The key insight is that reasoning capabilities benefit from dedicated training on reasoning data before the model is shaped by instruction-following objectives. Mid-training builds the reasoning capability, while SFT teaches the model to apply that capability in conversational format.
Usage
Use reasoning mid-training when:
- Building a model with strong reasoning capabilities (math, code, logical reasoning)
- The base model needs additional domain exposure before instruction tuning
- A multi-stage training pipeline is being used (mid-training → SFT → DPO)

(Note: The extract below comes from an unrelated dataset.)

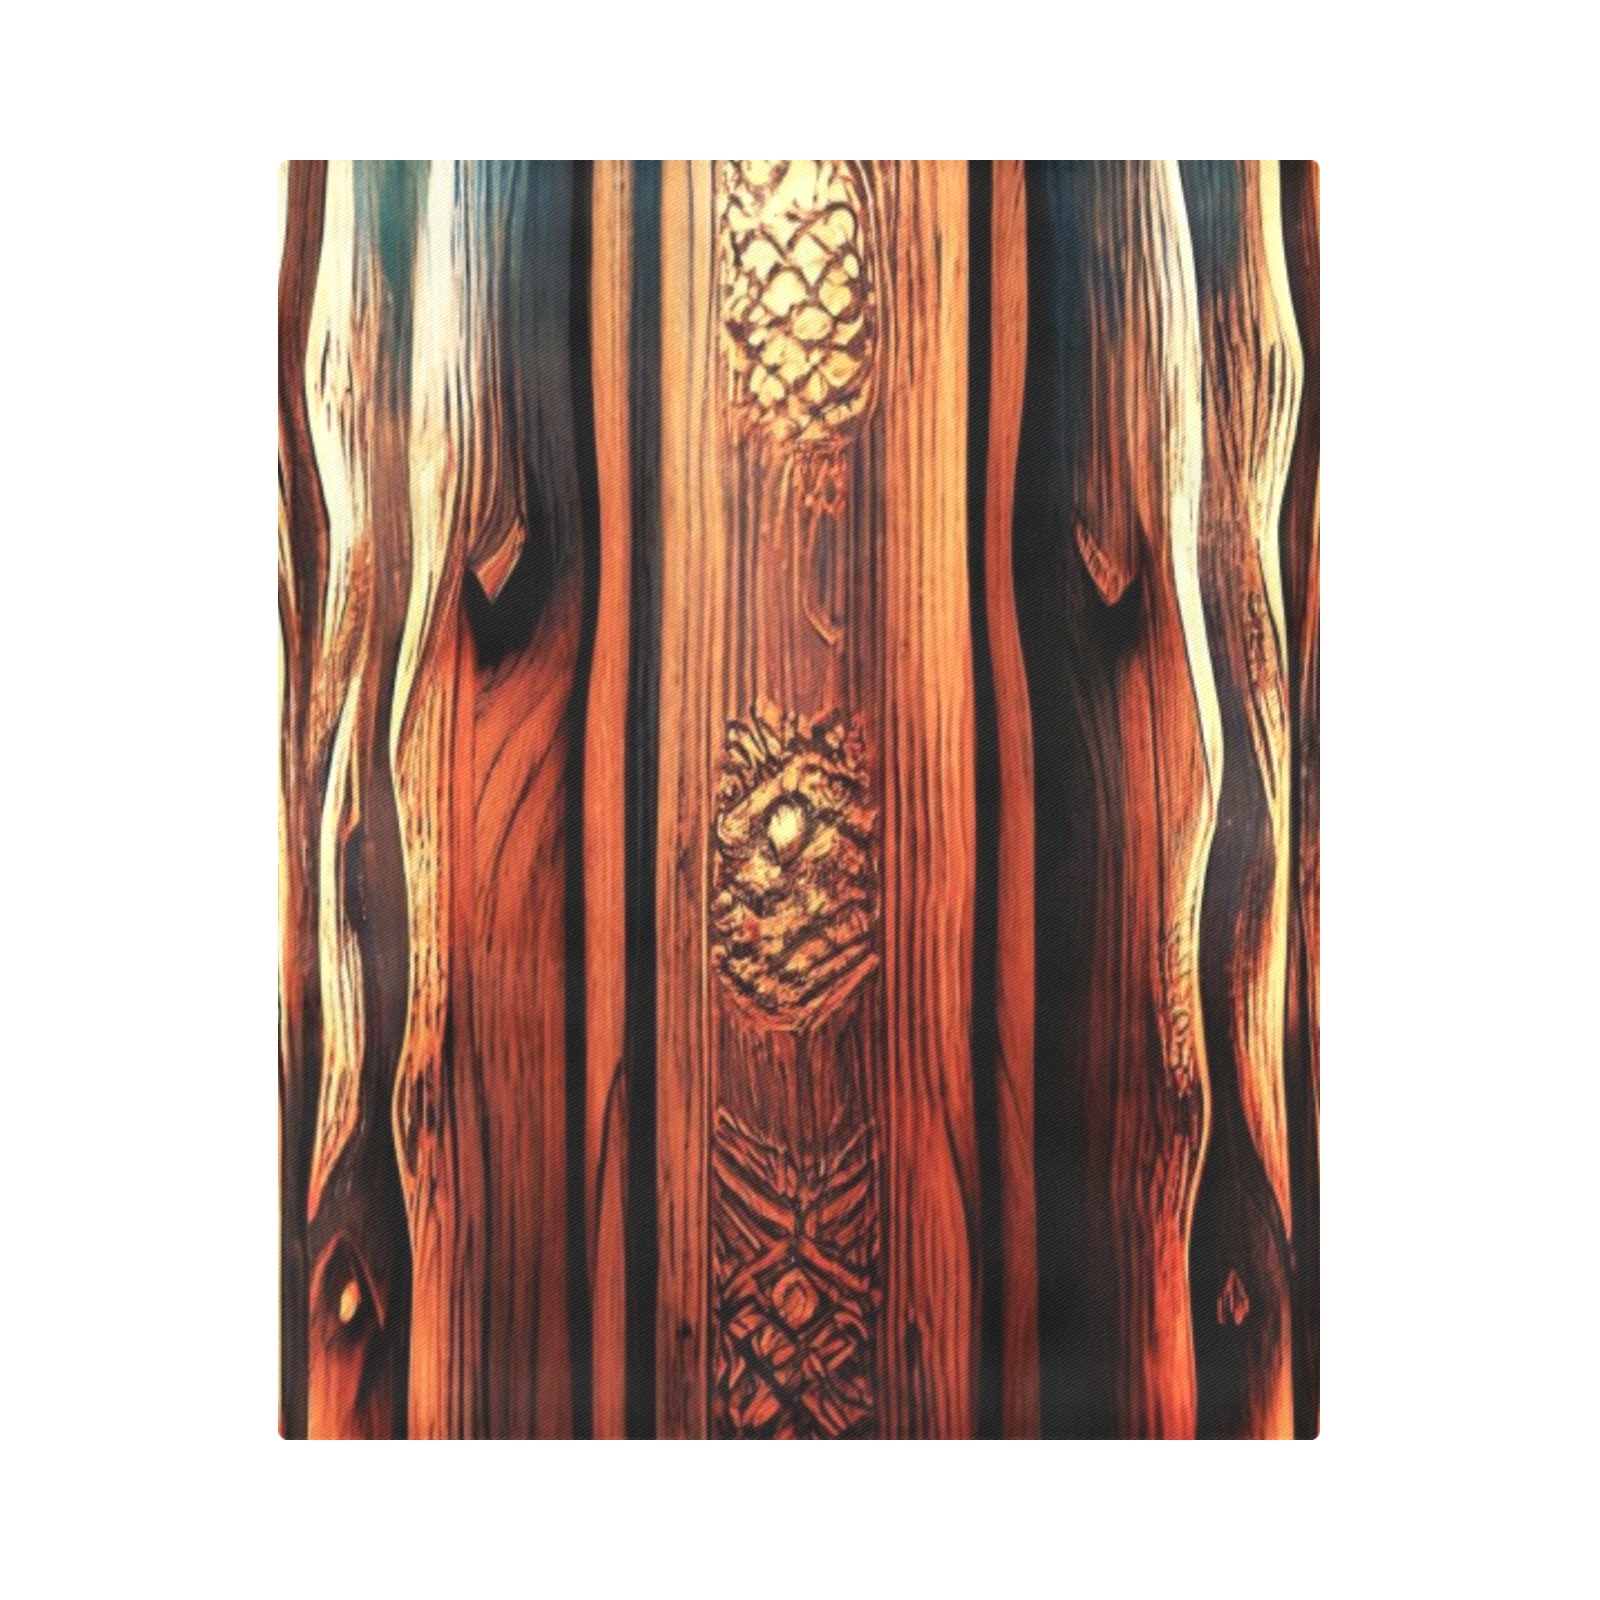 Aztec pattern on wood Duvet Cover 86"x70" ( All-over-print)

- Long-context reasoning data is available (32k+ tokens)
Theoretical Basis
Mid-training uses the same SFT objective (next-token prediction) but on reasoning-specific data:
# Abstract mid-training flow (NOT real implementation)
# Stage position: Base Model → [Mid-Training] → SFT → DPO
# Key differences from standard SFT:
# 1. Data: Reasoning-heavy datasets (not conversational instructions)
# 2. Context: Longer sequences (32k vs 4k for standard SFT)
# 3. Packing: Enabled to maximize GPU utilization on varied-length reasoning chains
# 4. Multiple epochs: 5 epochs (vs 1-2 for standard SFT)
model = load(base_model) # e.g., SmolLM3-3B-Base
dataset = mixture([Llama_Nemotron, OpenThoughts3])
train(model, dataset, max_length=32768, packing=True, epochs=5)
# Output: mid-trained model with enhanced reasoning
Key training features for mid-training:
- Sequence packing: Packs multiple reasoning examples into 32k-token sequences
- Liger kernel: Fused operations for memory-efficient long-sequence training
- trust_remote_code: Required for custom SmolLM3 architecture
- Multi-epoch: 5 epochs to deeply learn reasoning patterns